In previous blog post i have mentioned databricks (scala) function for generating XML file. Here it is.
def createXMLFile
(
parInputDataDataframe: DataFrame,
// -- dataframe with main data, names of columns are used as names of elements
parXmlDeclaration: String,
// -- declaration XML file, version, encoding, etc.
parXmlHeader: String,
// -- XML header which contains any elements which are before main data part
parXmlMainElementStart: String,
// -- start root tag
parXmlMainElementEnd: String,
// -- end root tag
parDestinationFileName: String,
// -- only XML file name
parDestinationFilePath: String,
// -- path to XML file (without file name, only path) with "/" on the end
parXmlRootTag: String,
// -- root tag for main data part
parXmlRowTag: String
// -- tag for rows of main data
)
{
try
{
// mounting of ADLS storage for saving XML document
mountDestinationStorage("/mnt/export")
// creation of temp XML file, it's for main data, we create xml file with main data using XML library and then we are reading the XML file back as plain text
// XML library can't save more complex xml files
parInputDataDataframe.write
.format("xml")
.option("rootTag", parXmlRootTag)
.option("rowTag", parXmlRowTag)
.mode("overwrite")
.save("dbfs:/mnt/export/" + parDestinationFilePath + parDestinationFileName)

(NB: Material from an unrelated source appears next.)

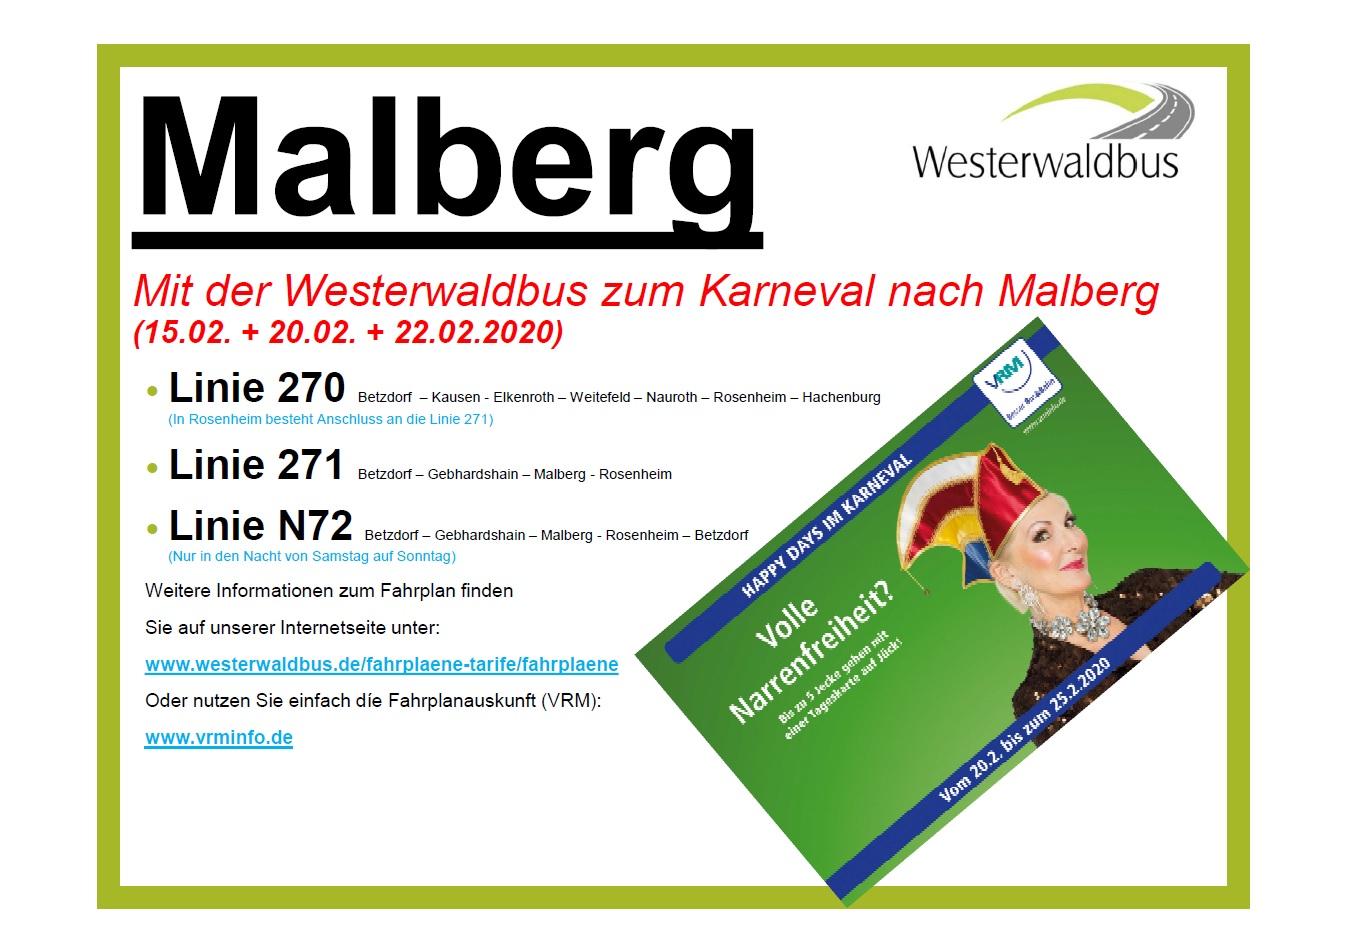 202002_Malberg Westerwald

// reading of the XML file as plain text
val fileContents = Source.fromFile("/dbfs/mnt/export/" + parDestinationFilePath + parDestinationFileName + "/part-00000").mkString
// composition of the whole final xml file
val txtFinal = parXmlDeclaration + parXmlMainElementStart + parXmlHeader + "\r\n" + fileContents + parXmlMainElementEnd
// final save of xml file (as plain text, without using of XML library)
dbutils.fs.put("dbfs:/mnt/export/" + parDestinationFilePath + parDestinationFileName + ".xml", txtFinal, true)
// deleteion of temp file
val directory = new Directory(new File("/dbfs/mnt/export/" + parDestinationFilePath + parDestinationFileName + "/"))
directory.deleteRecursively()
// unmounting of ADLS storage
unmountDestinationStorage("/mnt/export")
}
catch
{
case e: java.rmi.RemoteException => {
println("Directory is Already Mounted")
dbutils.fs.unmount("/mnt/export")
}
case e: Exception => {
println("There was some other error.")
}
}
}